## WHAT THE TASK ASKS
Restate all the data word for word and omit the pictures.

## STORED DATA
=-=-=-=-=

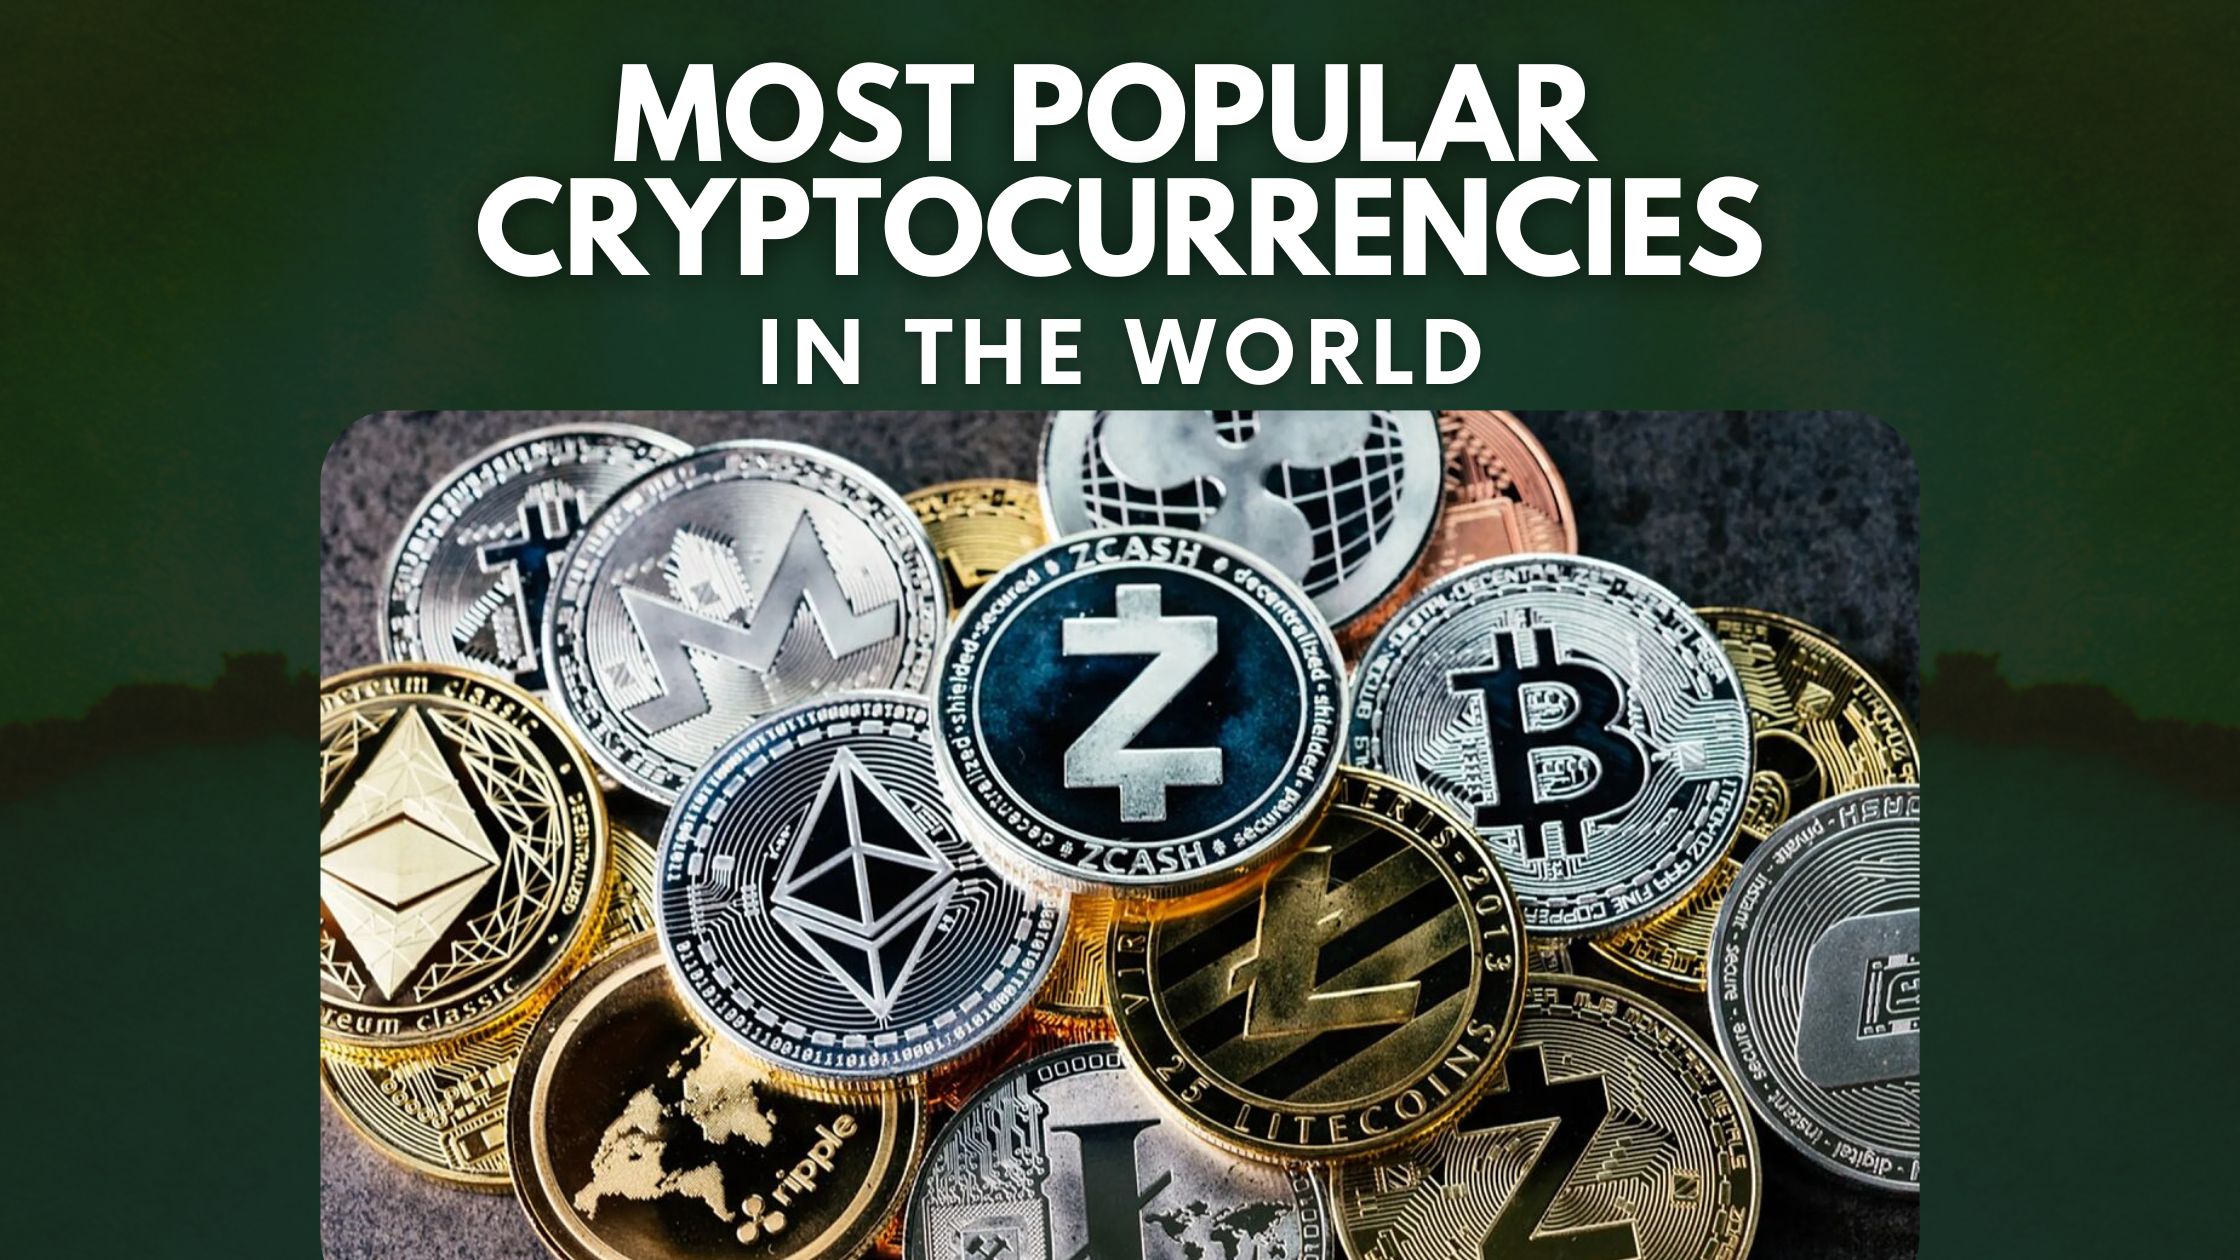 Top 10 Most Popular Cryptocurrencies In The World (2022)
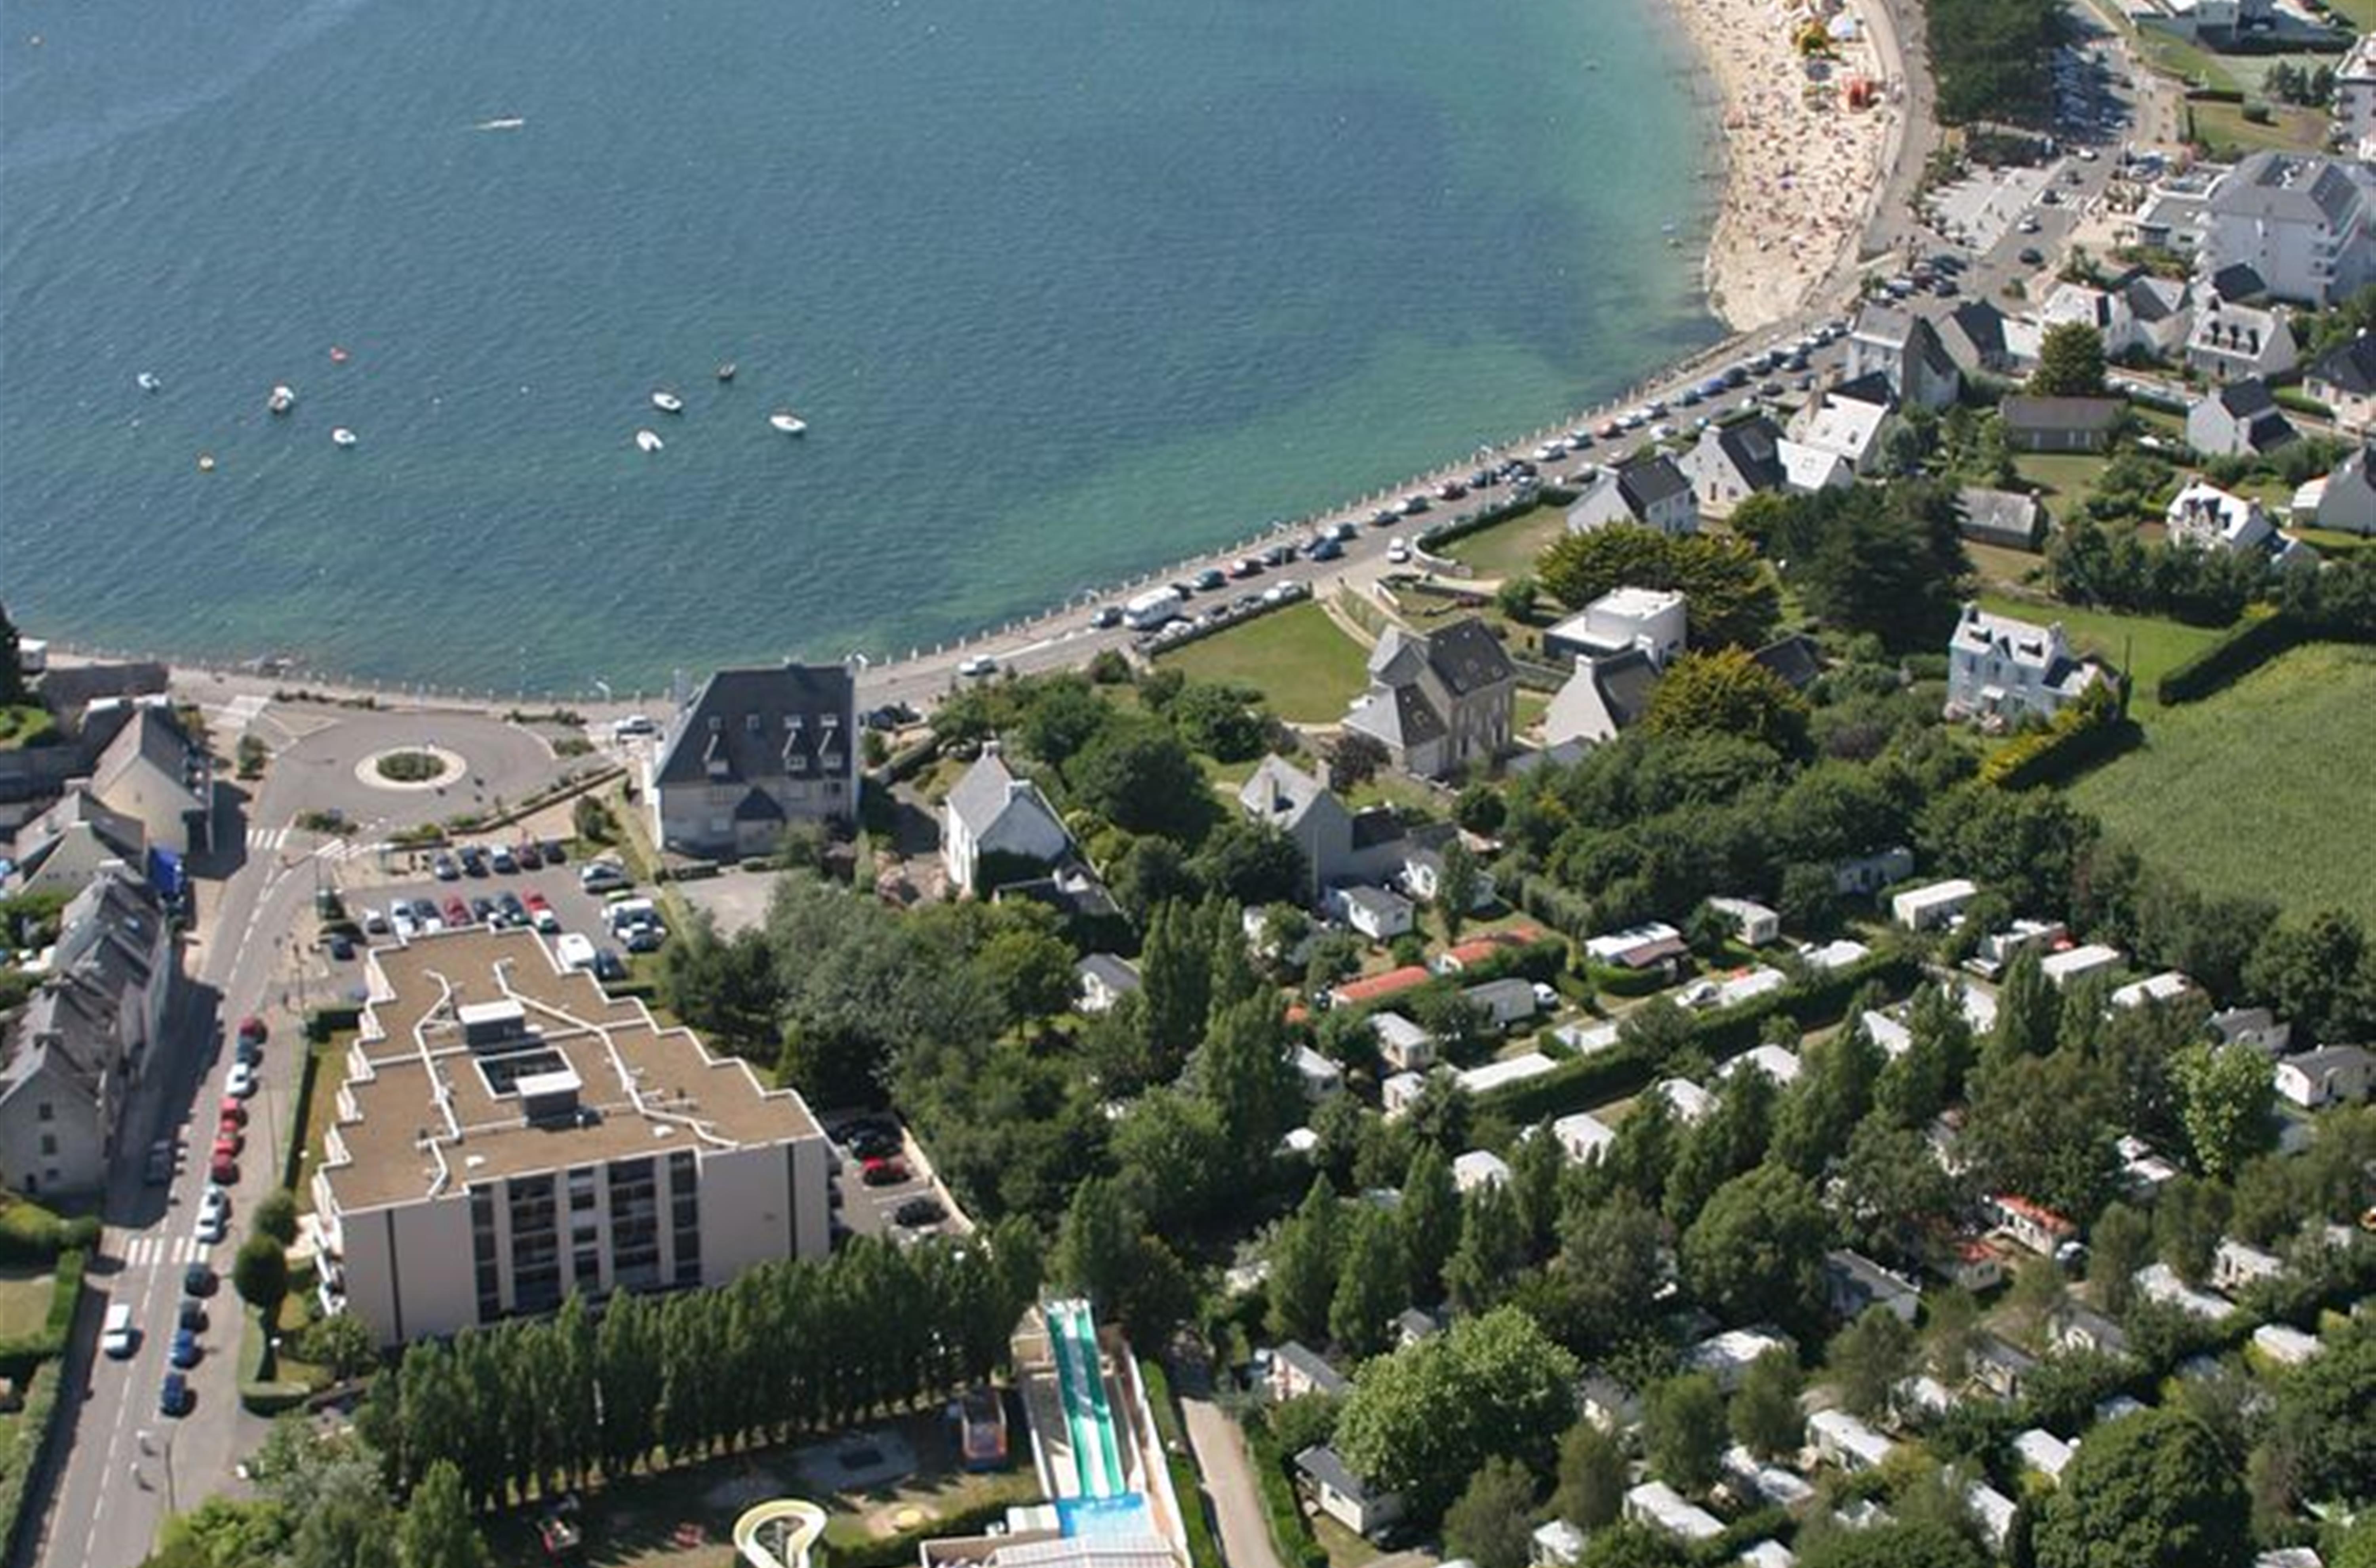 Campsite de la Plage in benodet is only 300 m from the seafront
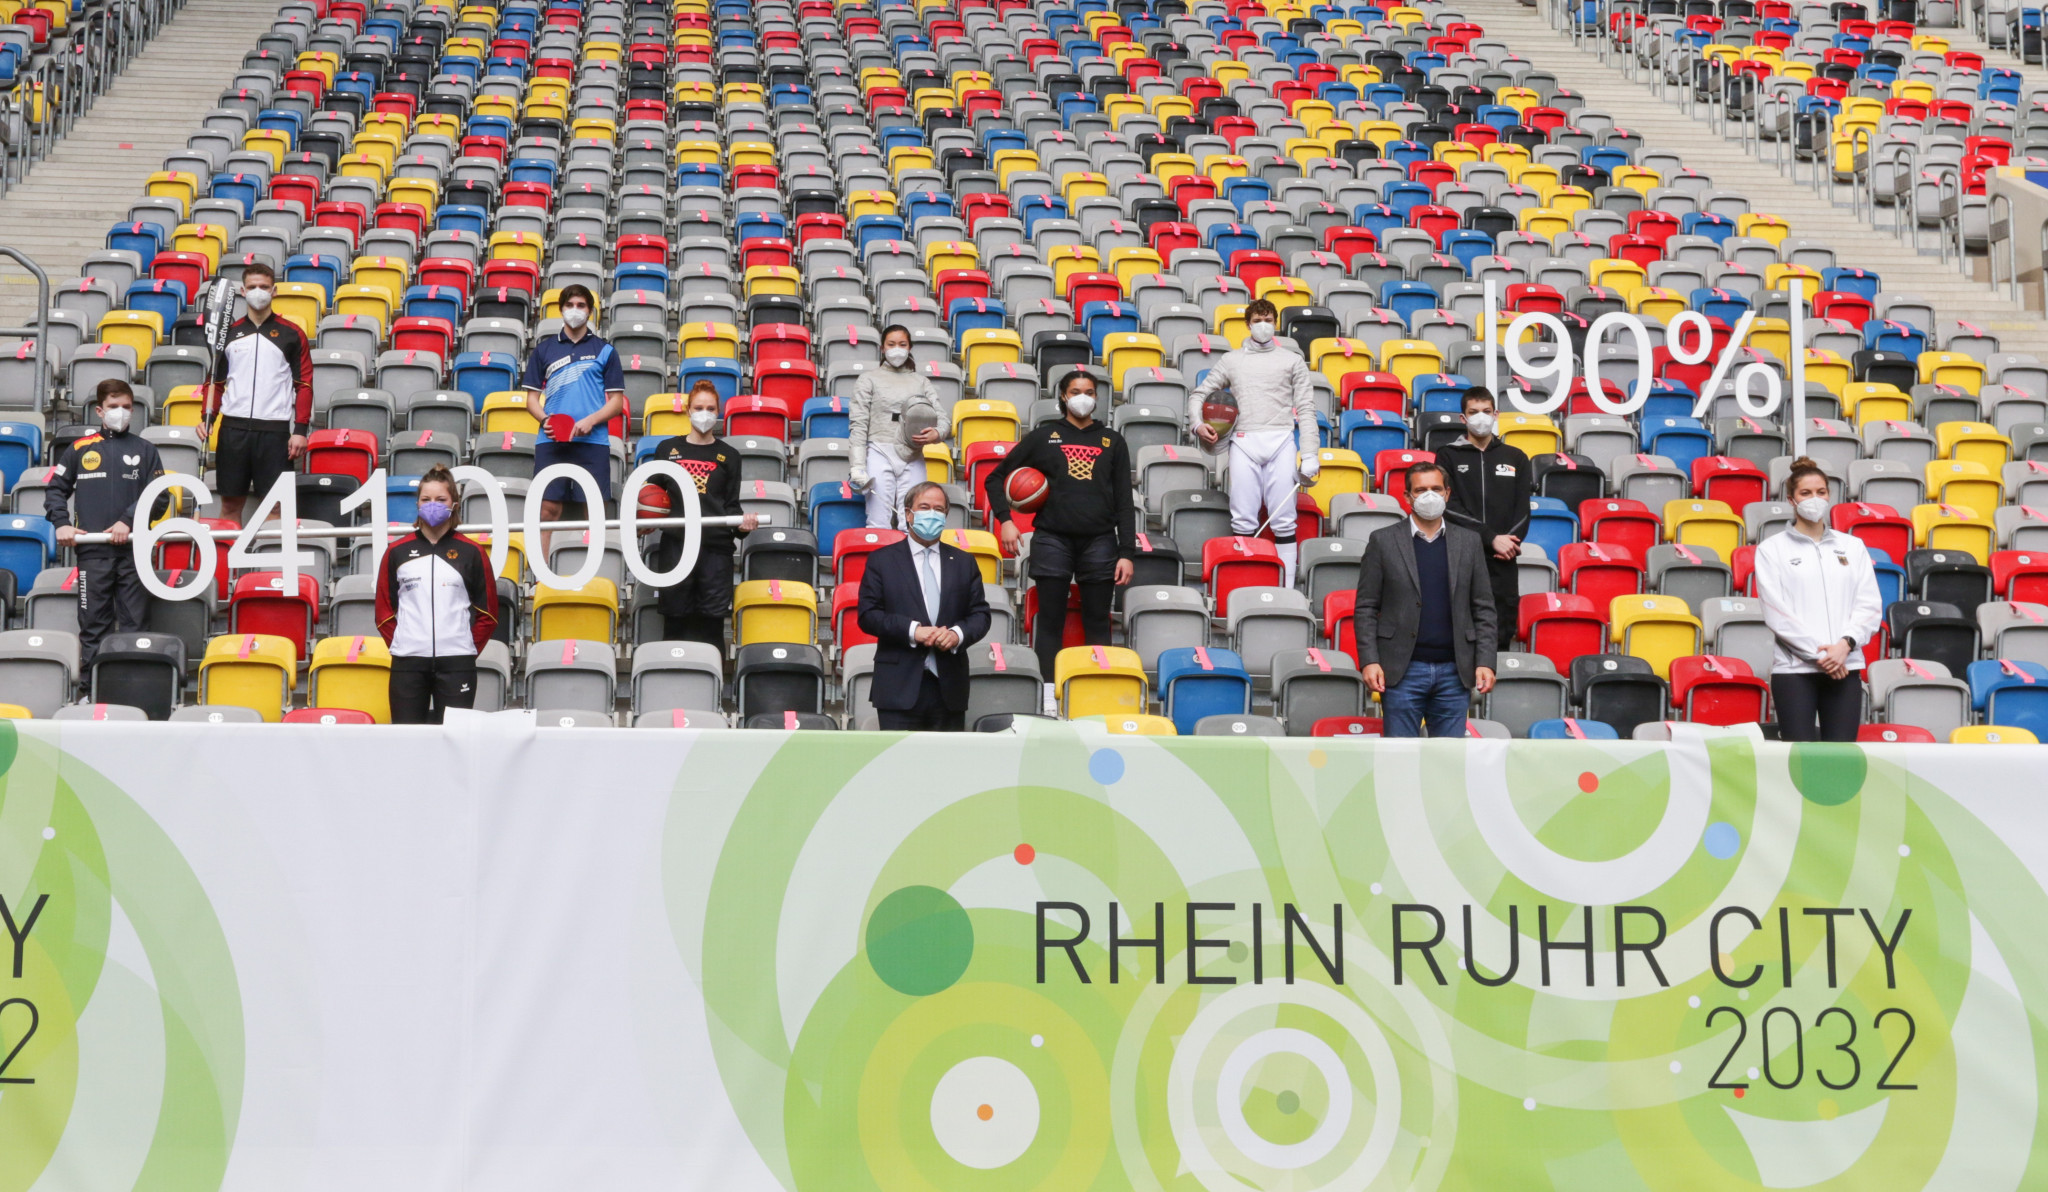 A Rhine-Ruhr 2032 event was held today despite Brisbane being installed as the preferred bidder ©Getty Images

=-=-=-=-=

## REPLY TO THE EXERCISE
 Top 10 Most Popular Cryptocurrencies In The World (2022)
 Campsite de la Plage in benodet is only 300 m from the seafront
 A Rhine-Ruhr 2032 event was held today despite Brisbane being installed as the preferred bidder ©Getty Images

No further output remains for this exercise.